How [not] to evaluate your RAG

A true journey of building a RAG system for a fintech company. The first version technically worked, but was terrible. We tore it apart and evaluated each piece to make it less terrible each time.

and

Jun 30, 2025

This is a text version of a conference talk “How [not] to evaluate your RAG“ by Roman Grebennikov on Berlin Buzzwords 2025: see [slides] and [youtube] if you cannot into long-reads.

How it all started

The good thing about reinventing the wheel is that you can get a round one. [source]

Some people unwind in the evenings by playing video games. I'm no different, except my game of choice is called “build a modern S3-based search engine (almost) from scratch.”, see https://github.com/nixiesearch/nixiesearch if you’re curious.

I say “almost” because I’ve taken a shortcut: instead of reimplementing everything in [blazingly fast] Rust, I went with Apache Lucene: the same battle-tested search library that powers Elasticsearch, OpenSearch, and Solr.
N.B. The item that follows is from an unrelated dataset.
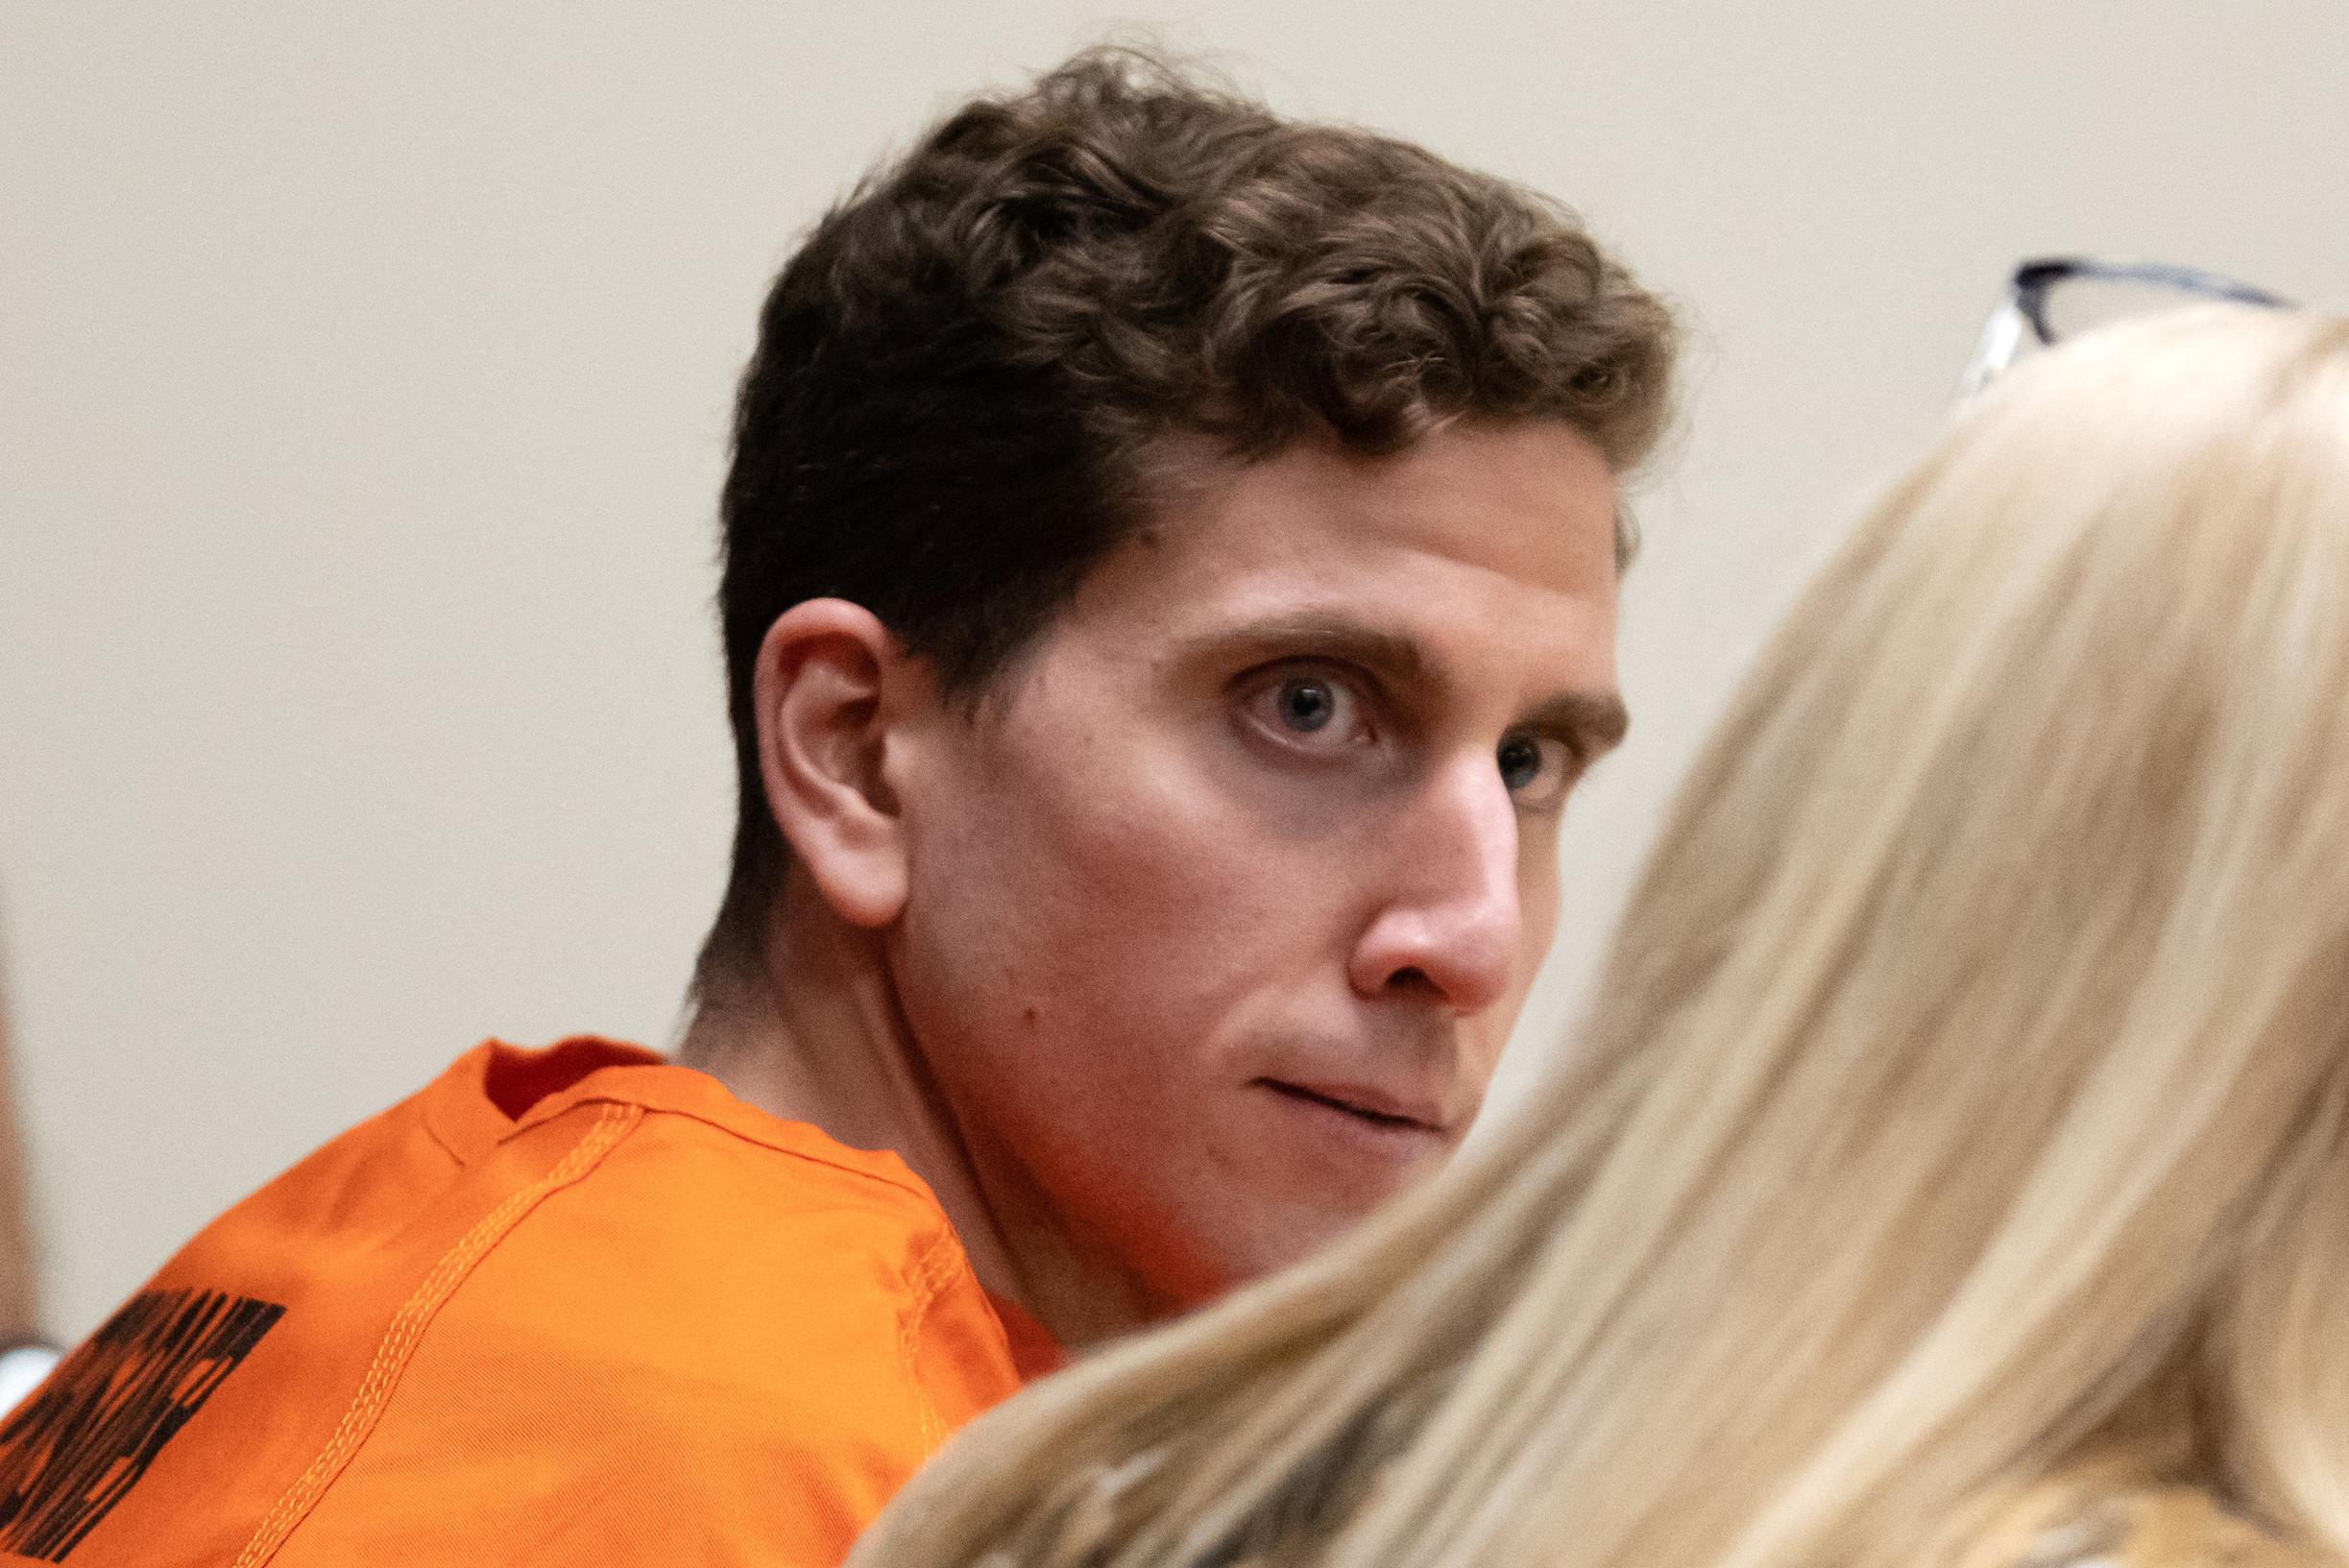 Catturato grazie al suo cellulare e al DNA: i documenti del tribunale forniscono maggiori dettagli sull’uomo di 20 anni sospettato di aver ucciso quattro studenti in Idaho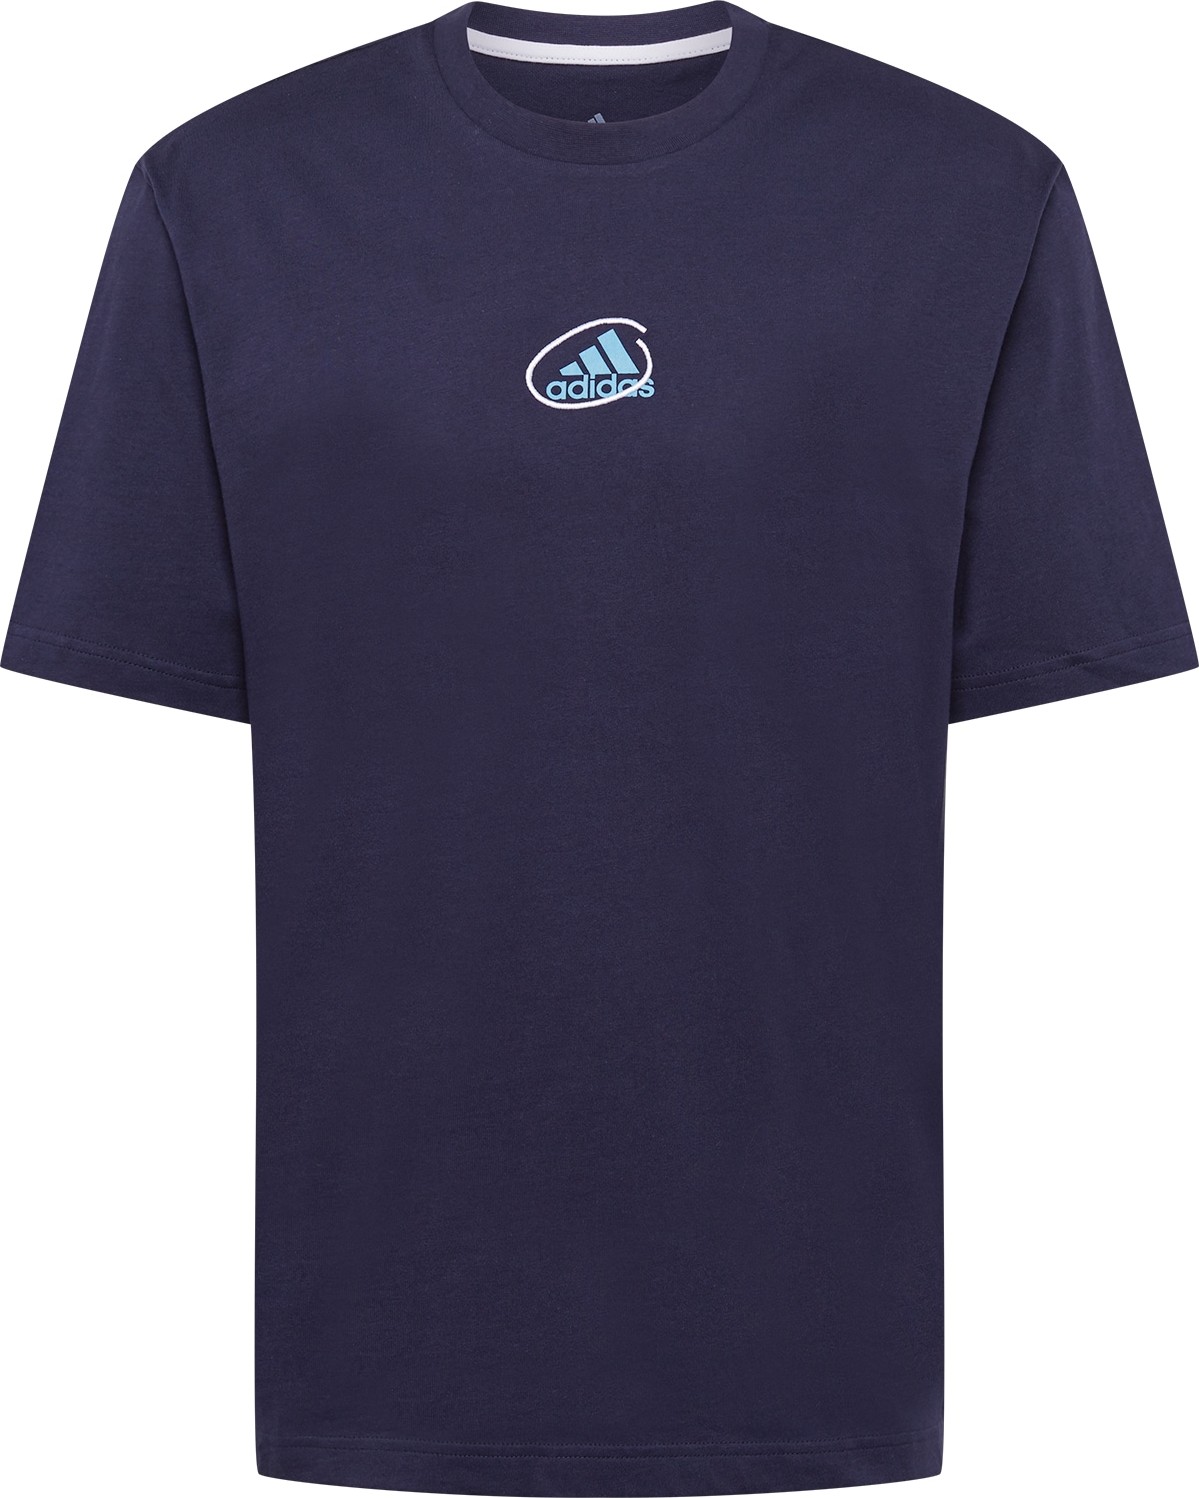 ADIDAS PERFORMANCE Funkční tričko 'SCRIBBLE' námořnická modř / světlemodrá / bílá

Nixiesearch with a separate indexer and S3-based immutable searchers.

Lucene handles all the algorithmic heavy-lifting, so I get to focus on building nice developer-friendly features of Nixiesearch:

S3 block storage support for index replication (and direct cold search)
All the classic Lucene things: facets, filters, autocomplete, lexical and vector/semantic search
Modern (but already commoditized) “AI/ML search” stack: embedding inference, reranking and RAG.

You build it, they run it

Nixiesearch is open-source, with no VC or corporate backing, so we fully embrace the no-gatekeeping approach. But that also means you occasionally get some surprising conversations in the community Slack after dropping a big feature, like local RAG support:

All characters and events portrayed in this show are purely fictional.

Naturally, we couldn’t resist the curiosity. We jumped in to see what kind of issues someone might have with a freshly released feature (I mean, what could possibly go wrong?).

Support agent for support agents

The idea behind this project was to build a non-human assistant for human customer support agents. Anytime you launch a B2C app, regular folks are bound to run into issues and start messaging your team with pretty standard stuff.

If you’ve ever worked in customer support (I have, once), you know the drill: you could handle 80% of tickets in your sleep.

The end goal was to free up time for the remaining 20% of truly hard tickets, and to make onboarding new team members way easier. The end result should look something like this:

There’s always a human in the loop (because let’s face it, nobody likes getting GPT-generated replies instead of real support). The agent can either approve the suggested answer or jump in and write their own.

It’s basically a textbook RAG setup with one small twist: you first need to extract the actual request from the conversation. After that, it’s business as usual:

Retrieve all relevant documents from the knowledge base,
Pack them into the prompt of the LLM,
Generate a one-sentence summary as an answer for the original request.

Getting real

There's usually a big gap between textbook RAG setups and real-world deployments, thanks to all those unexpected limitations nobody thinks about at first.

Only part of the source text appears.